North Dakota: After high turnout in pandemic primary, should mail-only voting be North Dakota’s new normal? | Adam Willis/The Dickinson Press

Roughly 158,000 North Dakotans voted in the recent June election, a strong turnout in a historic primary that relied solely on mail-in ballots. Vote-by-mail surged to the fore of national politics this primary season as the coronavirus pandemic had state governments scrambling to restructure their election systems. The outcomes were disastrous in several states, but North Dakota’s move to a completely vote-by-mail election stands out as a relative success. Not only did vote-by-mail reduce the risks for COVID-19 transmission in North Dakota, it also drew some of the highest voter turnout in state history. Among North Dakota primary elections, only 2012 saw higher numbers, with over 175,000 ballots cast. This month’s turnout prompts the question: Should North Dakota join a small group of states that vote exclusively by mail? Nationally, there are several kinds of vote-by-mail systems. Five states, Washington, Oregon, Utah, Hawaii and Colorado, have switched to universal vote-by-mail elections in which the government mails ballots to every registered voter. California recently passed its Voter Choice Act, which gives counties the option to mail ballots to voters while maintaining in-person polls. North Dakota’s mail-in system requires a few more steps. Here, voters must fill out a ballot application to receive their mail-in ballot, and the decision to automatically mail applications to voters is made on a county-by-county level.

North Dakota: Voter participation could hit all-time high among statewide June elections | David Olson/Grand Forks Herald

The Tuesday, June 9 election in North Dakota could historically rank among the top June elections when it comes to voter participation, county and state election officials said Monday. Tuesday’s vote — which is being conducted solely with mail-in ballots — is a primary election for state races and a general election when it comes to things like city and school board races. As of Monday afternoon, about 37,000 ballots had been mailed to Cass County voters and, of those, about 23,000 had been completed and returned to Cass County election officials. That put the voting on pace to surpass the 23,950 ballots cast during a June election in 2006, which stands as a high-water mark for June elections, according to DeAnn Buckhouse, election coordinator for Cass County. It is the first time Cass County has used mail-only voting. To be eligible for counting, Buckhouse said completed ballots returned by mail must be postmarked no later than June 8.

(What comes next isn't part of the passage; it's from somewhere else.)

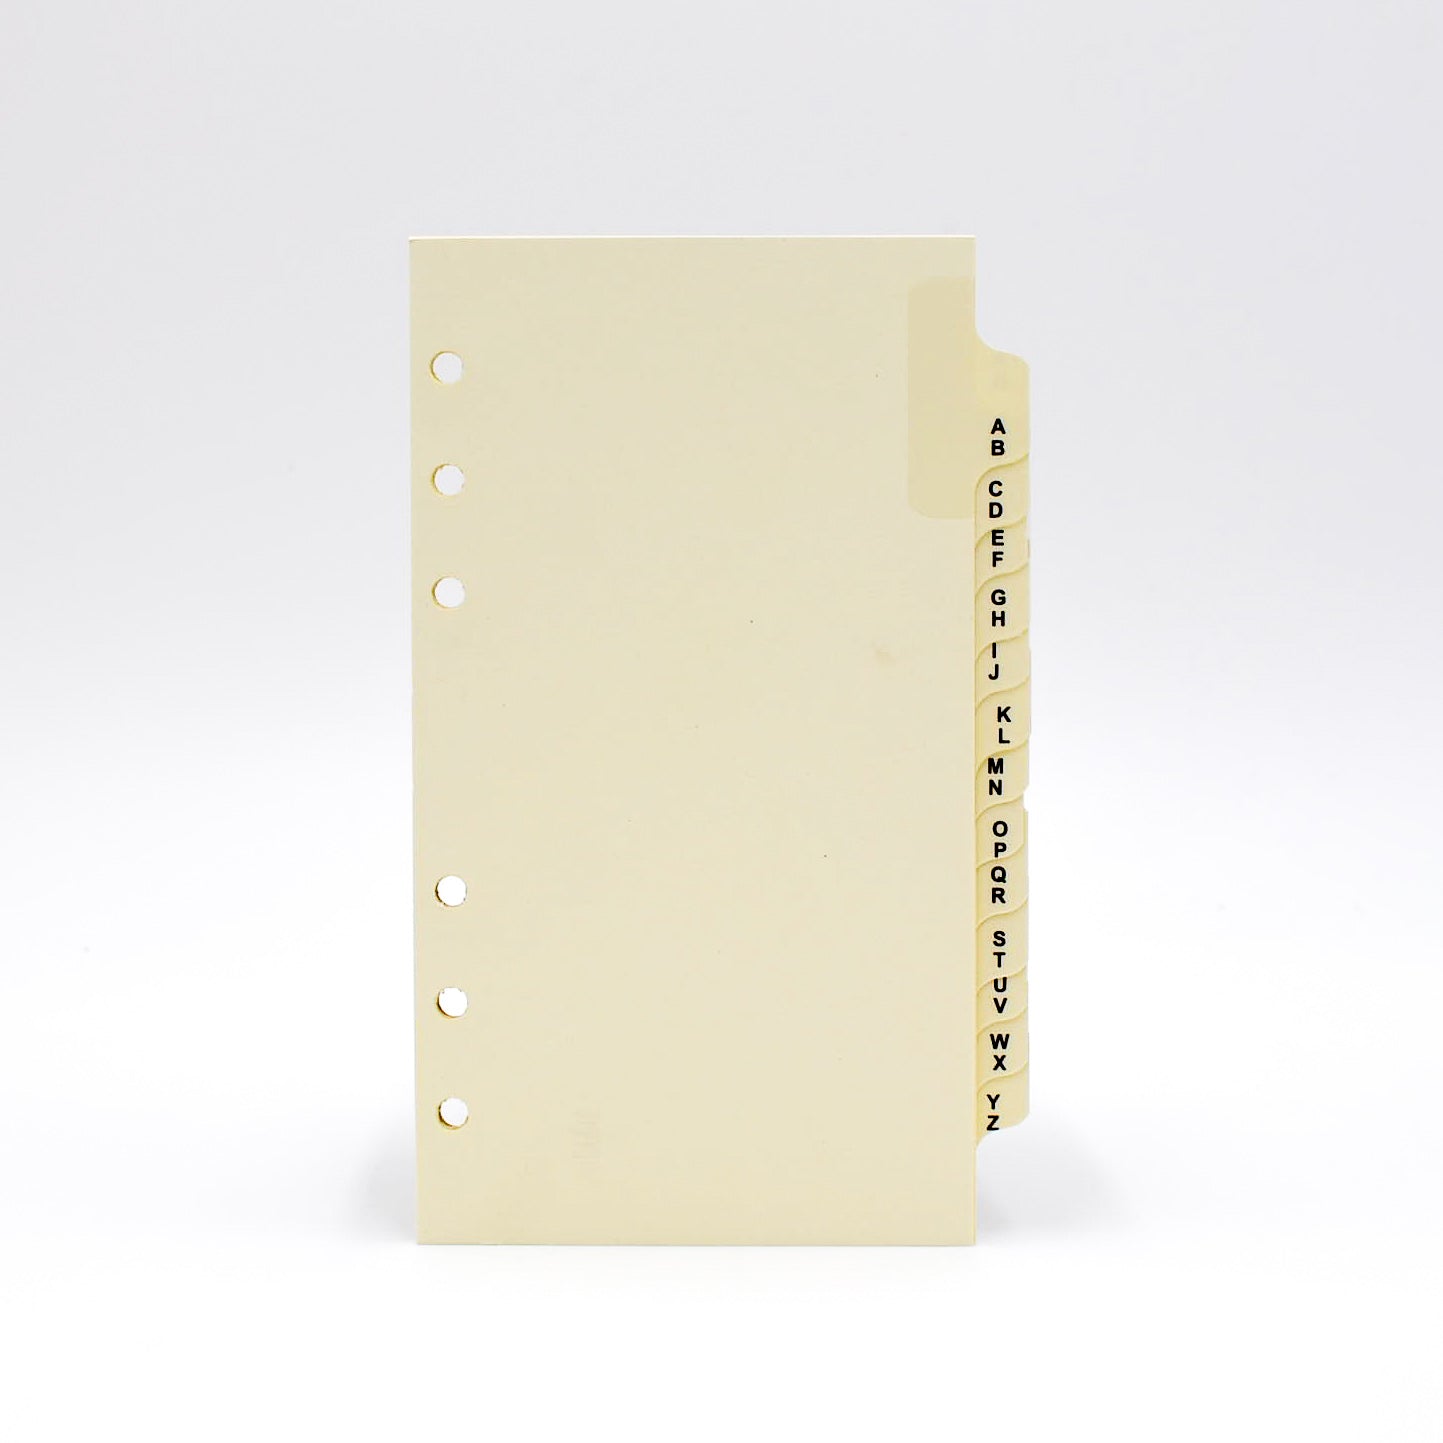 Sungraphix Louis Vuitton Preference Collection Item PC3D646 6 3/4" x 3 3/4" 6-Ring Address Tabs addresses tab refill refills insert inserts pages page paper ivory white alpha alphabet telephone phone a to z 6 hole punched ring rings holes

North Dakota: Judge grants order requiring notice, remedy process for mail-in ballots rejected for signature issues | David Olson/Grand Forks Herald

A federal judge has granted an injunction in a suit that sought protections for mail-in ballots that get rejected for signature issues. The injunction, granted Wednesday, June 3, bars North Dakota Secretary of State Al Jaeger and other election officials from rejecting any mail-in ballot on the basis of a “signature mismatch” without having in place adequate notice and remedy procedures. The order is in place for the primary election set for Tuesday, June 9, and may apply to the general election on Nov. 3. The injunction was requested by the League of Women Voters of North Dakota and other plaintiffs, who argued that the state’s election process does not notify voters when their ballot is rejected due to a technical error such as a signature mismatch and that there is no method for voters to fix such situations.

North Dakota: All eligible voters to receive ballots by mail for June 9 primary | The Dickinson Press

North Dakota voters will be receiving their ballots by mail for the June 9 primary election, state officials announced Thursday, April 23. County commissions in all of the 53 counties have authorized vote by mail for the election as a measure to reduce the public’s risk of exposure to COVID-19, according to a release from the North Dakota Association of Counties. On March 26, Gov. Doug Burgum signed an executive order encouraging counties to use Vote by Mail for the June 9 election. The executive order suspends the requirement for counties to have at least one physical polling location. In response, every county has decided to administer the primary election by vote by mail only, and reservation counties have been working with tribal governments on the process, the release said.  No polling locations will be open for the primary election and all ballots will be issued through the mail.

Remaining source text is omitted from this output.